Minggu, 05 Juli 2009

Michael Jackson



Telah lewat sepekan sejak kematiannya yang diselimuti misteri. Hampir seluruh media di dunia mengulas kisah hidupnya. Rasanya tak perlu kutulis ulang di sini. Aku hanya akan menyampaikan betapa aku, sebagaimana masyarakat dunia, merasa tersentak dan kehilangan atas kematiannya.

Aku mengenal nama dan menyukai lagu-lagunya sejak aku masih duduk di Madrasah Tsanawiyah. Seusia itu aku sudah hapal suaranya jika sebuah radio memutar lagunya. Aku bahkan berani menggeser gelombang radio yang tengah memtar sandiwara Saur Sepuh ke gelombang lain yang memutar lagunya. Di mataku sosoknya terlihat ajaib, mengagumkan. Saat MTs itu, aku sampai hapal, meski tidak penuh, sebuah lagunya Don’t Stop ‘till You Get Enough. Dengan meniru gayanya yang atraktif aku acap menyanyikan lagi tersebut di depan teman-teman.

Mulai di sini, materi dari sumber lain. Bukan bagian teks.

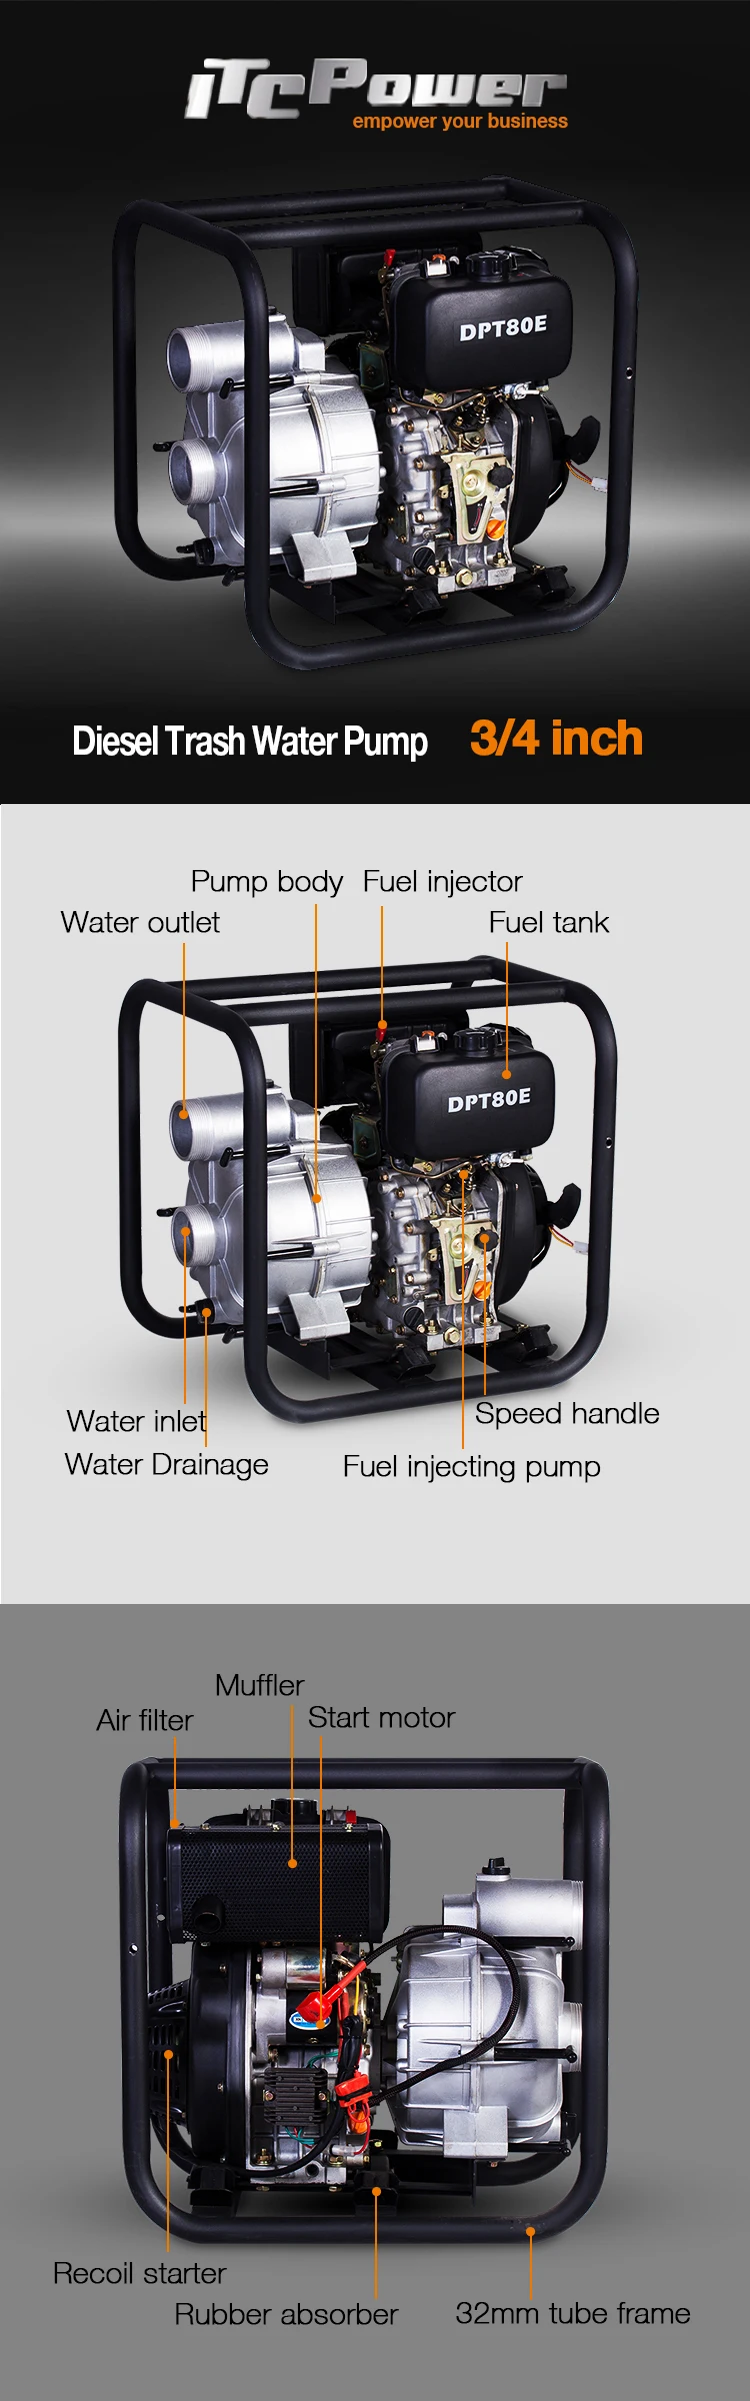 Refund agreed Factory direct sale 3 inch diesel trash water pump

Awal-awal masa SMA, dari seorang teman Jakarta, aku berhasil memiliki kaset Black or White. Sampai saat ini aku tak pernah bosan dengan semua lagu yang terdapat di kaset itu. Entah kenapa aku begitu mengidolakannya. Tak peduli bahwa dia berkali-kali operasi plastik dan mengganti warna kulit, yang menunjukkan begitu rasisnya dia. Kau tahu, kekaguman dan fanatisme memang tidak ada urusannya dengan rasionalitas. Begitulah, aku terus mengagumi dan memutar kasetnya jika ada kesempatan sekalipun ustad dan teman-teman komunitas pengajian yang kumasuki memandangku naïf.

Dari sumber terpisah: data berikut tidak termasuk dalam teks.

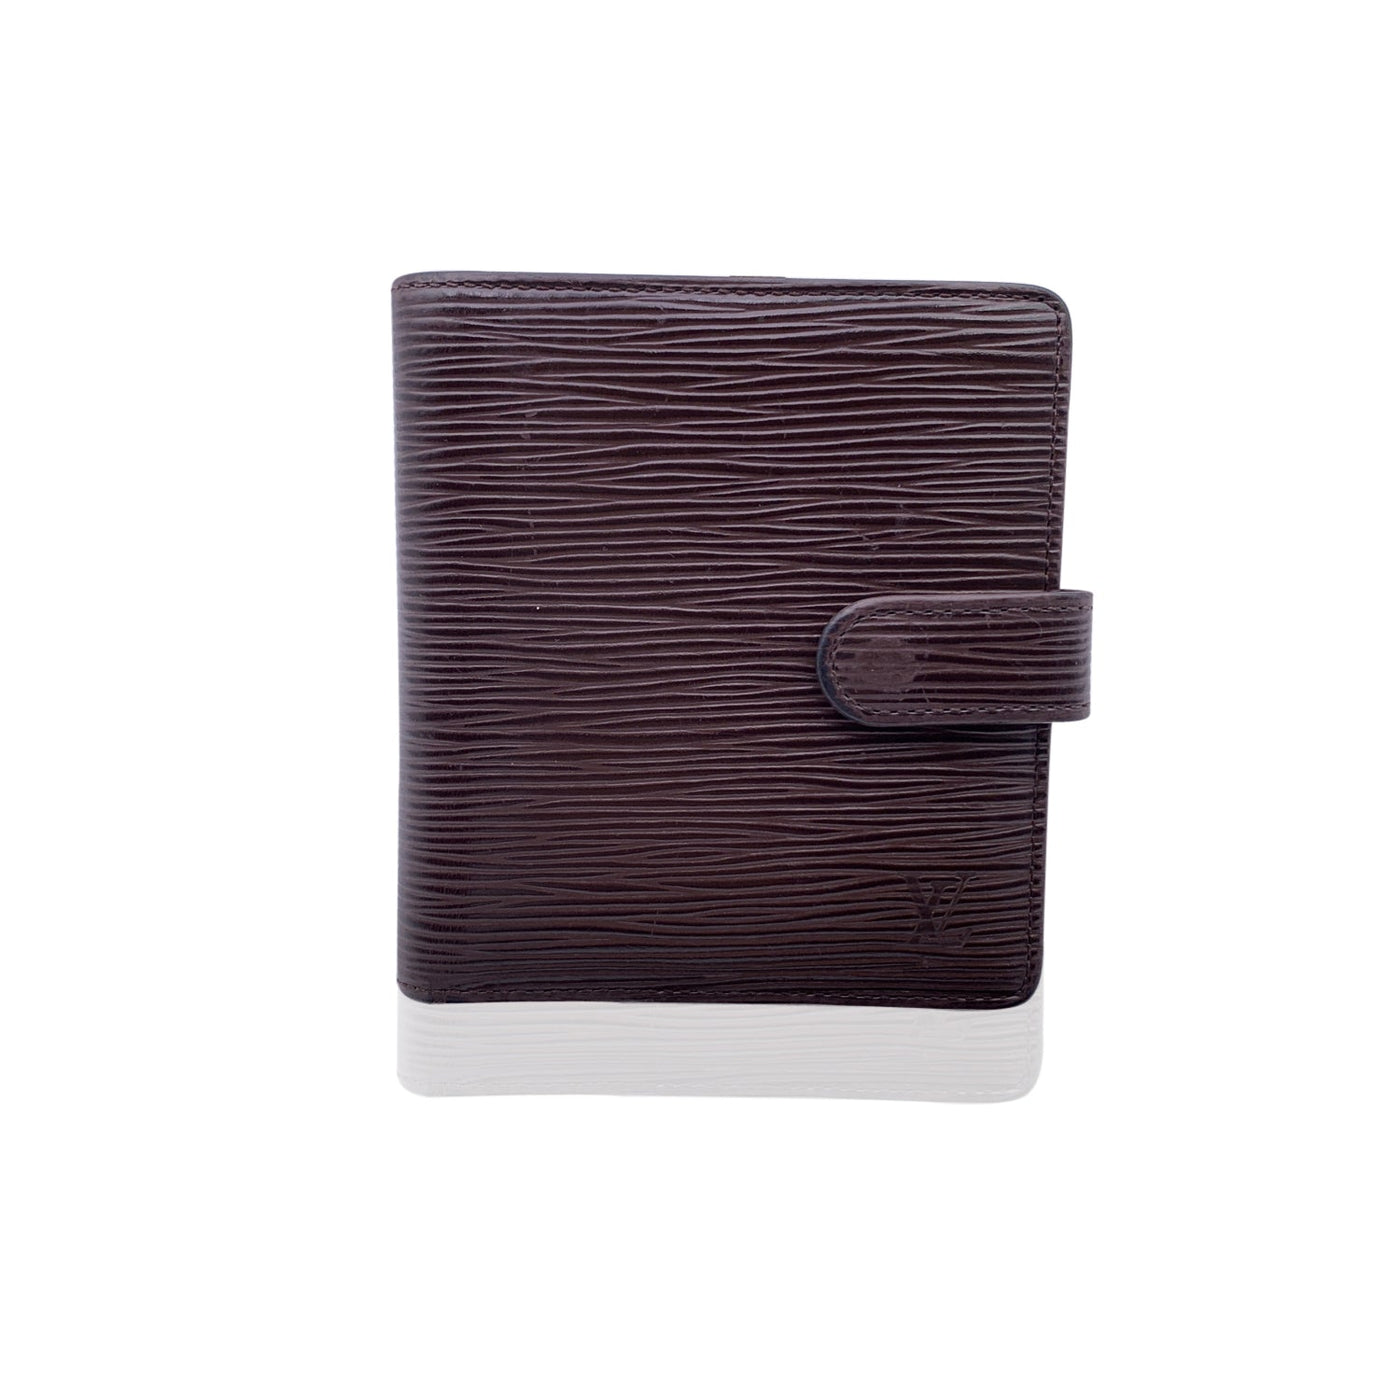 Louis Vuitton Black Epi Small Wallet!

Hentakan musik, aksi panggung, syair lagu (meski hanya ngeh artinya sepotomh-sepotong) dan penampilannya memompa semangatku belajar dan bergaul dengan teman-teman, seperti ketika aku membaca dan menikmati puisi-puisi penyair Indonesia. Pada masa SMA itu pula aku mulai menggemari puisi.

Sampai kini, setiap aku memutar lagu-lagunya, aku bagai diterbangkan pada masa masa remaja yang penuh impian menggelikan itu sambil terheran-heran sendiri mengapa bisa demikian.